Payne played with the Broomdusters for another three years, although his recording association with them lasted through to 1959. In total he recorded thirty one singles with them, including "The Sky Is Crying". By this time Payne had become a favored session musician appearing through that decade on the Cobra label, with Otis Rush, Magic Sam, and Buddy Guy. His playing also can be heard on various Chess records, including the Chuck Berry hit singles "Nadine", "You Never Can Tell", "Promised Land" and 1964's "No Particular Place to Go." All appeared on the Berry's 1982 compilation album, The Great Twenty-Eight.
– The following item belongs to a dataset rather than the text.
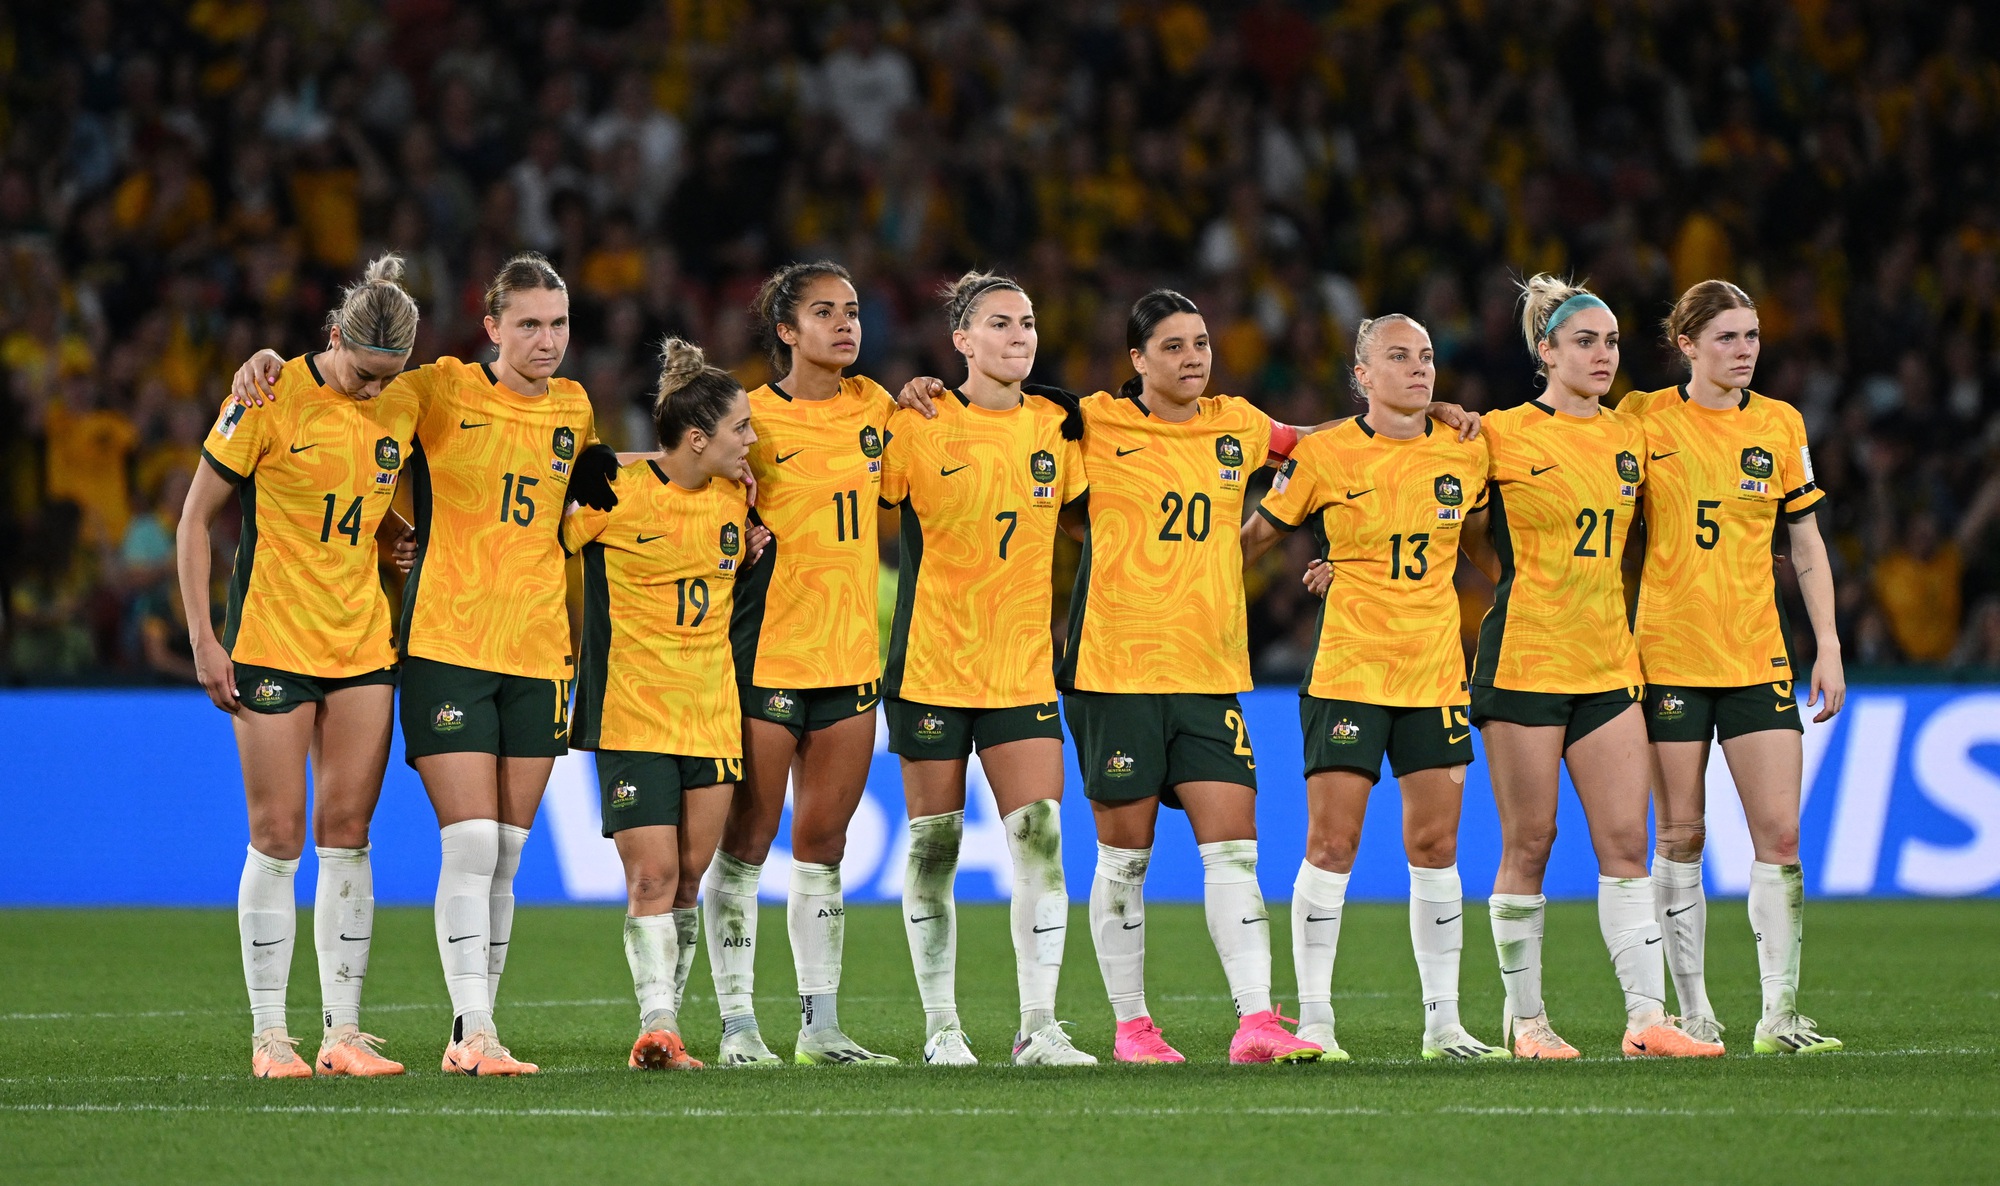 Thủ môn đội tuyển nữ Úc: “Tôi vừa thi đấu trận điên rồ nhất trong sự nghiệp” - Ảnh 8.

Noted for his usage of the cowbell, bass drum pedal, and extended cymbal and drum rolls, Payne's double shuffle drumming technique was much copied and utilised by both Fred Below and Sam Lay. The technique called for Payne to use both his hands to effect the shuffle effect.

Payne appears to have a songwriting credit to his name for the song "Say Man," which was recorded by both Bo Diddley and Willie Mabon; although Payne's name certainly did not appear on every version published.

Odie Payne died in Chicago in March 1989, at the age of 62.